На самых больших экранах солнце почернело, луна приобрела цвет крови, а корабли в реках и гавани перевернулись.
— Уоррен, прекратите валять дурака. — Гэффни рассердился.
— Я тут не при чем, Джерри. Клянусь вам. Я его все время удаляю, а оно возвращается. Вот, пожалуйста.

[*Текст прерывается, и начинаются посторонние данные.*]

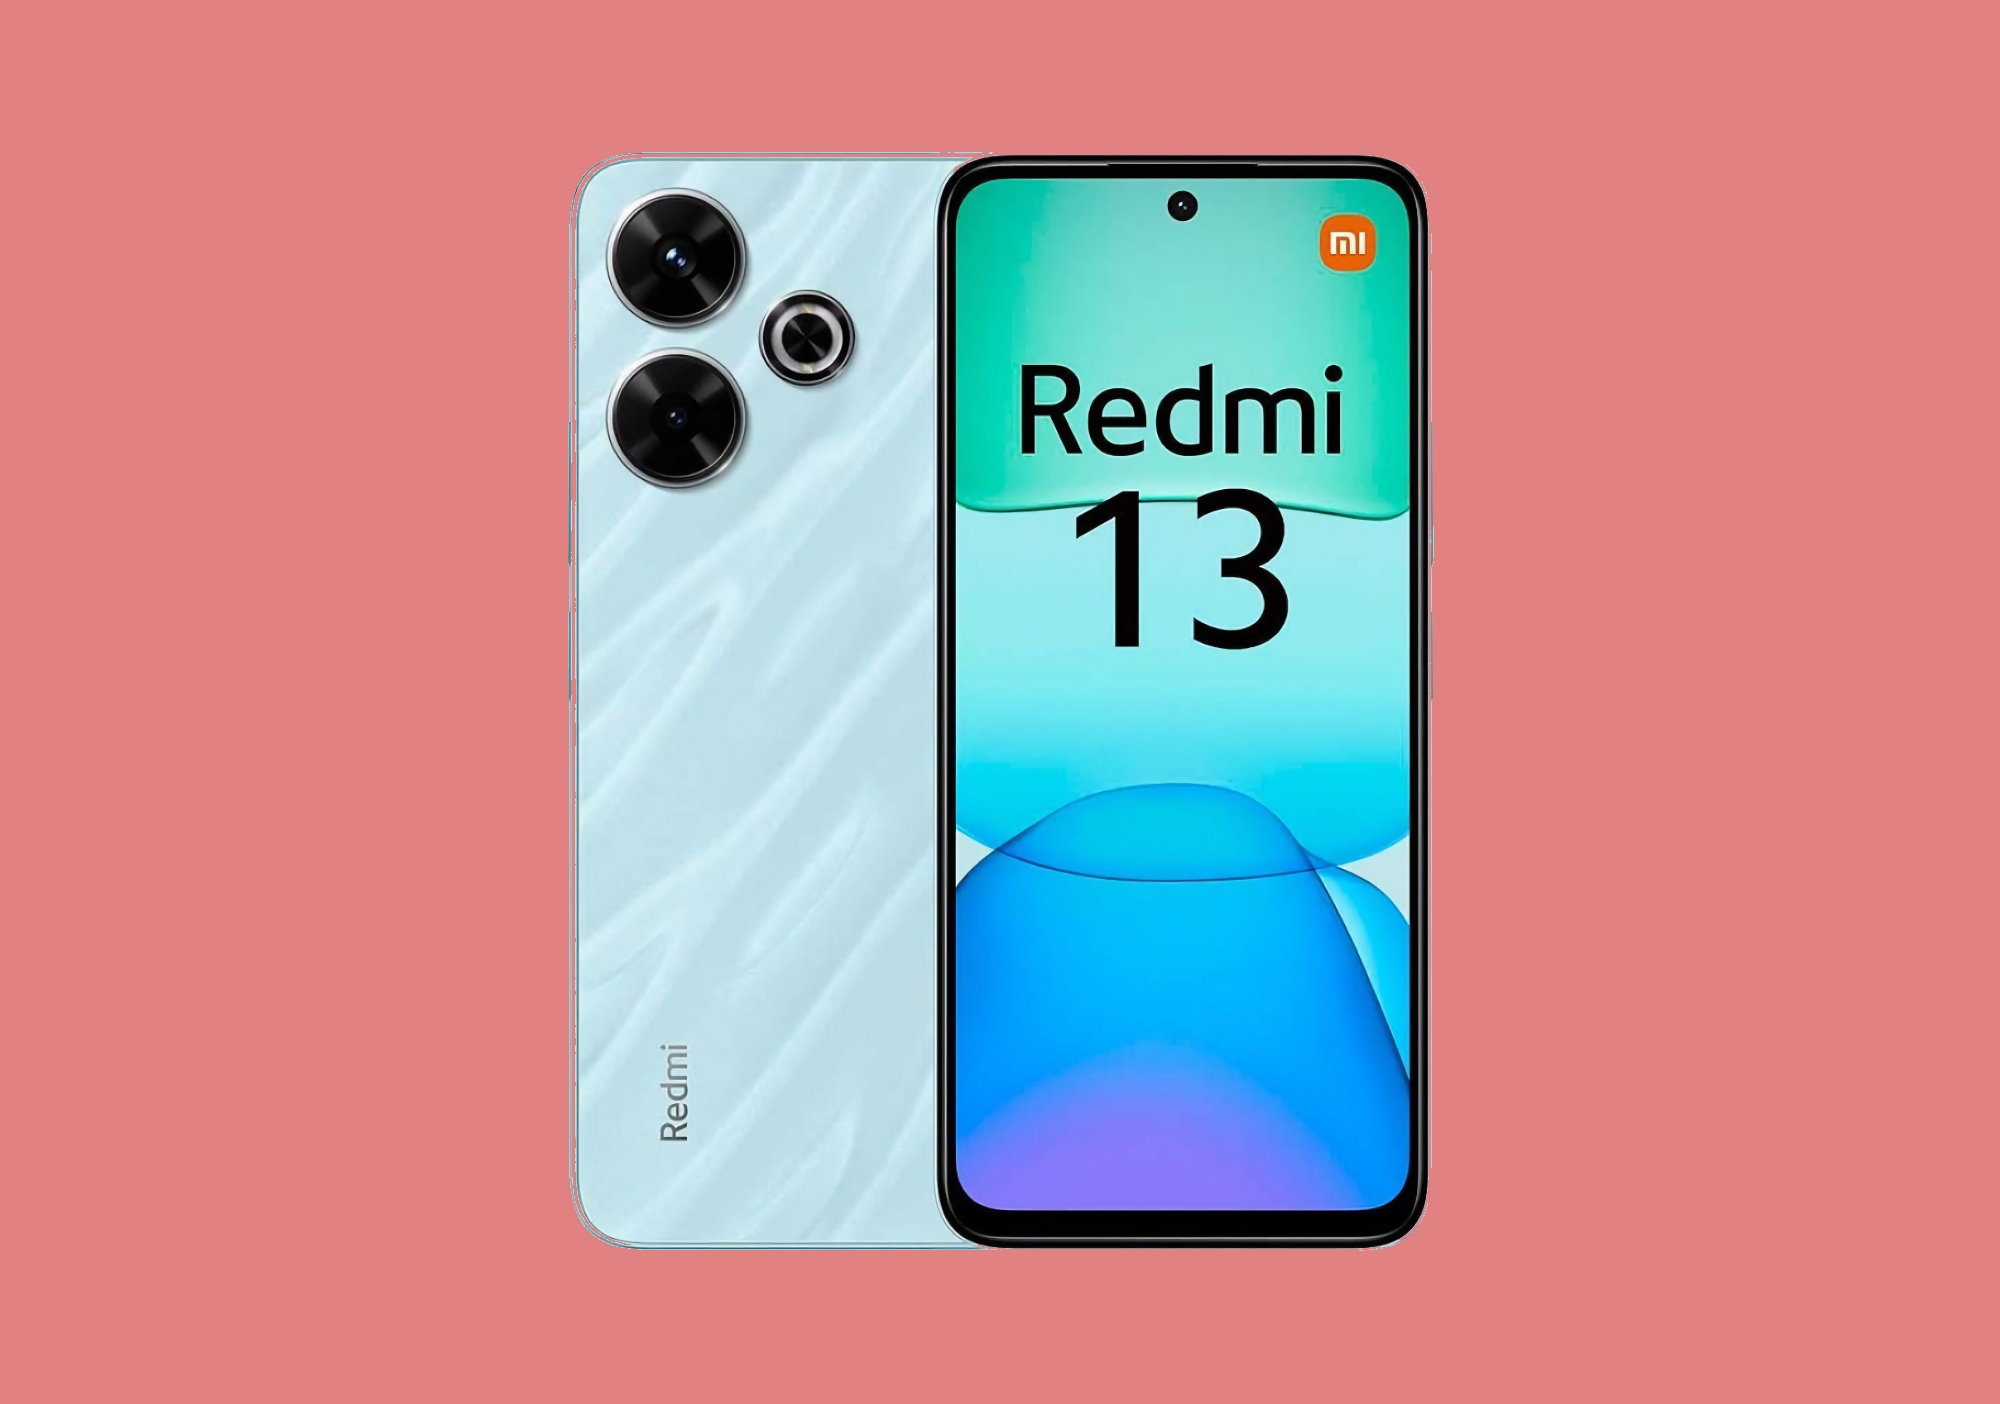 Xiaomi har presenterat Redmi 13 4G med MediaTek Helio G91 Ultra-chip och en 108 MP-kamera

Музыка Леверкюна, как это видел Йоссарян, была исполнена хорошо. Когда затухающие гармоничные такты, завершающие «Götterdämmerung», начали замирать, стал пробиваться детский хор, которого Йоссарян никогда раньше не слышал; сначала это были едва уловимые звуки — дыхание, намек, но постепенно они приобретали собственное значение, выливаясь в божественное предуведомление о грядущей горестной печали. А затем, когда это мелодичное, мучительное и погружающее в скорбь предостережение сделалось почти невыносимым, в него неожиданно вторглись оглушительные, незнакомые, немелодичные раскаты злобных мужских голосов, в жуткой согласованности разражающиеся безжалостным смехом и еще раз смехом, смехом, смехом, который вызывал у слушателей недоуменное облегчение и огромную, все возрастающую веселость. Аудитория быстро присоединялась собственным смехом к этой варварской какофонии бесшабашной радости, издаваемой всеми громкоговорителями, что и задавало верную ноту для праздничного настроения к торжественному вечеру, которое подкреплялось едой, напитками, музыкой и еще более оригинальными изобретениями и эстетическими деликатесами.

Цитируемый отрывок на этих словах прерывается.